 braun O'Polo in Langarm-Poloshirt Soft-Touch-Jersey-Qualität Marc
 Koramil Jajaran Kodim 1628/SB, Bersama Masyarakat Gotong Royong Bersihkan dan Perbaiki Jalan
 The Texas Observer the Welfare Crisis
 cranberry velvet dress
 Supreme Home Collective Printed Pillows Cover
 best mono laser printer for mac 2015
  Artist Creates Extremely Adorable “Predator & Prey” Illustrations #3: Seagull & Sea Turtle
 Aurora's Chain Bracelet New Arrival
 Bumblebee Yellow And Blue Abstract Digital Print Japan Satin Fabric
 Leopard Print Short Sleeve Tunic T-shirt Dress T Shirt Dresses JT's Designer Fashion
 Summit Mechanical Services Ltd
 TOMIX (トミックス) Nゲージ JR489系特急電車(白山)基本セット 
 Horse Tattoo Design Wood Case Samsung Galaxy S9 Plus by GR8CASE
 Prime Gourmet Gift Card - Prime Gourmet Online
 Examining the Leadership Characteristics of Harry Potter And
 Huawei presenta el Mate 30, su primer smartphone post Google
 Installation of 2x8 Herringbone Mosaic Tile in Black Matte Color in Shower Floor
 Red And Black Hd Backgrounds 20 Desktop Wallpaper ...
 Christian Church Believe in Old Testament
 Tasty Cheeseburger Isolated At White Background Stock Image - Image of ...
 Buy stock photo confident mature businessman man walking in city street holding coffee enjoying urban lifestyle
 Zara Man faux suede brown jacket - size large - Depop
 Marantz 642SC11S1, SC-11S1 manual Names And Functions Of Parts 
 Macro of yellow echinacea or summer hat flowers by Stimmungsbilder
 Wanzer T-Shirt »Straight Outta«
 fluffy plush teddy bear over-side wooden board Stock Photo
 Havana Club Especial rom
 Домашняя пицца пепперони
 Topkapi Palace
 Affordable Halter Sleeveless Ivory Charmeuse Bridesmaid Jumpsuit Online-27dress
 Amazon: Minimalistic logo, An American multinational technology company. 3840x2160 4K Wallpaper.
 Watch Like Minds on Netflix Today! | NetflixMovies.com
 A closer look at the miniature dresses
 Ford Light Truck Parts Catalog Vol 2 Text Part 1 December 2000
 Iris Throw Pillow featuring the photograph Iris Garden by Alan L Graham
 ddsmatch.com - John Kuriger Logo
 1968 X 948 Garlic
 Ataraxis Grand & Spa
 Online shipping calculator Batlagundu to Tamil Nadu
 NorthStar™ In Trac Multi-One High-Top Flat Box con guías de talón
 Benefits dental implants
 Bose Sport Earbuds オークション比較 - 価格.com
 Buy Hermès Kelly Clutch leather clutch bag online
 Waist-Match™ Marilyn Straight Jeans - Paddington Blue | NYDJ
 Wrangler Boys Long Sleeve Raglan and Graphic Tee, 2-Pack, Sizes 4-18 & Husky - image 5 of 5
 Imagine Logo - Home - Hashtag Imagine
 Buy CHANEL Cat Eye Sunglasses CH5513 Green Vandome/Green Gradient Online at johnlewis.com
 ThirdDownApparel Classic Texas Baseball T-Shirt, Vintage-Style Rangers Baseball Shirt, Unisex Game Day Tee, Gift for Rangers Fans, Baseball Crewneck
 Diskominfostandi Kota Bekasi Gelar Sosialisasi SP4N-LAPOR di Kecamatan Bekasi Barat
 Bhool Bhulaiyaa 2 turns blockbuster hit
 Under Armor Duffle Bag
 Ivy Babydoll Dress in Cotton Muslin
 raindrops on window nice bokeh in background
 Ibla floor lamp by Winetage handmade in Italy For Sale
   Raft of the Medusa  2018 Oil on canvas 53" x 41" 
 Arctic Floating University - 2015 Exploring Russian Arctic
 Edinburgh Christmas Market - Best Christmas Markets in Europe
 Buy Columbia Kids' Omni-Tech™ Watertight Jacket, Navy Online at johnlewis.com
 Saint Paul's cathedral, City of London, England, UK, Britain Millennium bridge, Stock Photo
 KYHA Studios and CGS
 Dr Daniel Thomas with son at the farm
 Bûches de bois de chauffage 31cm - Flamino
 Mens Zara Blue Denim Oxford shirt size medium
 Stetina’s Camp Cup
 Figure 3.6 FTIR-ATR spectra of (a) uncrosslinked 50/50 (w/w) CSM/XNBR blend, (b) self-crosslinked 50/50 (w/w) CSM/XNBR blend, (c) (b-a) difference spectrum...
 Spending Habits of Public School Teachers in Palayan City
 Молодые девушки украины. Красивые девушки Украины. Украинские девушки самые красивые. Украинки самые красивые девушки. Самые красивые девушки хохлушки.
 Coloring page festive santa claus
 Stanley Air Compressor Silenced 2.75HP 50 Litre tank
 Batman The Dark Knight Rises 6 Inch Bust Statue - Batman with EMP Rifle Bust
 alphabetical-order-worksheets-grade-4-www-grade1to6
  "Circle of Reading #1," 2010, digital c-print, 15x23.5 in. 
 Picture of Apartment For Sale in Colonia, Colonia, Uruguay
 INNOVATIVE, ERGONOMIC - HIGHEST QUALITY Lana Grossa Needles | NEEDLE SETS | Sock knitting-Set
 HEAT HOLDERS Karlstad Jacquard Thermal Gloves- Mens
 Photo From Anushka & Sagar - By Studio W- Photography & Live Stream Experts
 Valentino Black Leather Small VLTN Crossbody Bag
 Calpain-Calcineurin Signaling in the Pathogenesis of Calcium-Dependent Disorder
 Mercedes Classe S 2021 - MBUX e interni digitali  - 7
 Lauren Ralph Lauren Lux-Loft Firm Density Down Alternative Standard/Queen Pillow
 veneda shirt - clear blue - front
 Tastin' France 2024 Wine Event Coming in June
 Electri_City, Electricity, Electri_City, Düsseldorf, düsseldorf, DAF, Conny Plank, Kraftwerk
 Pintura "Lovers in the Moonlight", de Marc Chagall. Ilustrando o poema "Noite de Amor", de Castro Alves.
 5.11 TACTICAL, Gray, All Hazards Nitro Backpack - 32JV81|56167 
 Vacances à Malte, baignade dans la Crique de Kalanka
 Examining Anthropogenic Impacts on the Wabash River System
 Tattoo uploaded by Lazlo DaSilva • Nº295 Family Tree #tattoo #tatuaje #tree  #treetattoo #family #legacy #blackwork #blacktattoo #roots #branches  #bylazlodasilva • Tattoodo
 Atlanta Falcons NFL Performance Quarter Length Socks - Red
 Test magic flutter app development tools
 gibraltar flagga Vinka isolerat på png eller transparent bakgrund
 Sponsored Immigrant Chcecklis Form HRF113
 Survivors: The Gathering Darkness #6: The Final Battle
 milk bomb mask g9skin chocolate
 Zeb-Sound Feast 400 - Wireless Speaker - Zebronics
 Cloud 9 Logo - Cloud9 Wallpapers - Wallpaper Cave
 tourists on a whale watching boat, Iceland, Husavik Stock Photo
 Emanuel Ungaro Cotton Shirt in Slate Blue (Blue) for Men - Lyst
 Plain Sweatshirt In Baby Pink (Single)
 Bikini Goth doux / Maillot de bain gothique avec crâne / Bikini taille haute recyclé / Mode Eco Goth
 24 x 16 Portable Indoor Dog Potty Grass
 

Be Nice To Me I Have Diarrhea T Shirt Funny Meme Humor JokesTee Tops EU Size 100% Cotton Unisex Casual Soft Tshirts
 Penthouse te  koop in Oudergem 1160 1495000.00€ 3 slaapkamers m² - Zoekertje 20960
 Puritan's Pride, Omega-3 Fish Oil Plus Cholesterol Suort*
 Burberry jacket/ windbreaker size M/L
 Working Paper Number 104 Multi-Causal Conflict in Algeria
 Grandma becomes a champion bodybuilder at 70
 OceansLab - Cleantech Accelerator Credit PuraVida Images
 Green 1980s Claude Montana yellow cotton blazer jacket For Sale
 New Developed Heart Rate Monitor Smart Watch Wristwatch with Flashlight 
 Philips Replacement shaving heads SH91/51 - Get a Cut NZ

++++

ACTION ITEM:
Tally the lines of the data that hold the string "Straight". Answer with the number and nothing more.

ANSWER BELOW:
2